About the book: There is one question Canadians have asked Jody Wilson-Raybould more than any other: What can I do to help advance reconciliation? It is clear that people from all over the country want to take concrete and tan­gible action that will make real change. We just need to know how to get started. This book provides that next step. For Wilson-Raybould, what individuals and organizations need to do to advance true reconciliation is self-evident, accessible, and achievable. True Reconciliation is broken down into three core practices—Learn, Understand, and Act—that can be applied by individuals, communities, organiza­tions, and governments.

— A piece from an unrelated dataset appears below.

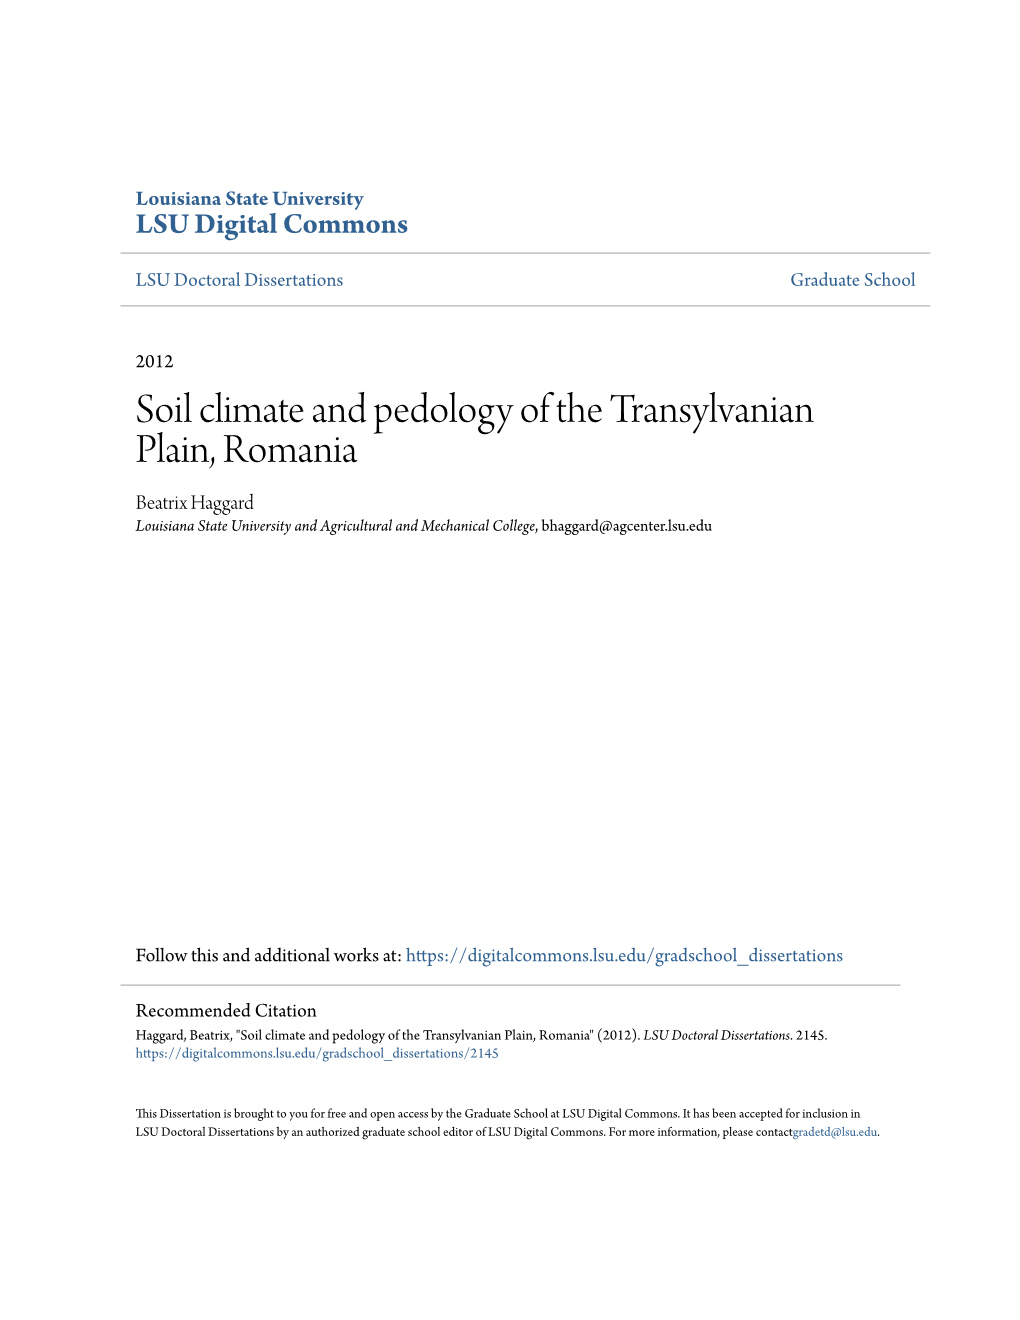 Soil Climate and Pedology of the Transylvanian Plain, Romania

The practices are based not only on the historical and con­temporary experience of Indigenous peoples in their relentless efforts to effect transformative change and decolonization, but also on the deep understanding and expertise about what has been effective in the past, what we are doing right, and wrong, today, and what our collective future requires. Fundamental to a shared way of thinking is an understand­ing of the Indigenous experience throughout the story of Canada. In a manner that reflects how work is done in the Big House, True Reconciliation features an “oral” history of these lands, told through Indigenous and non-Indigenous voices from our past and present.

The ultimate and attainable goal of True Reconciliation is to break down the silos we’ve created that prevent meaning­ful change, to be empowered to increasingly act as “inbe­tweeners,” and to take full advantage of this moment in our history to positively transform the country into a place we can all be proud of.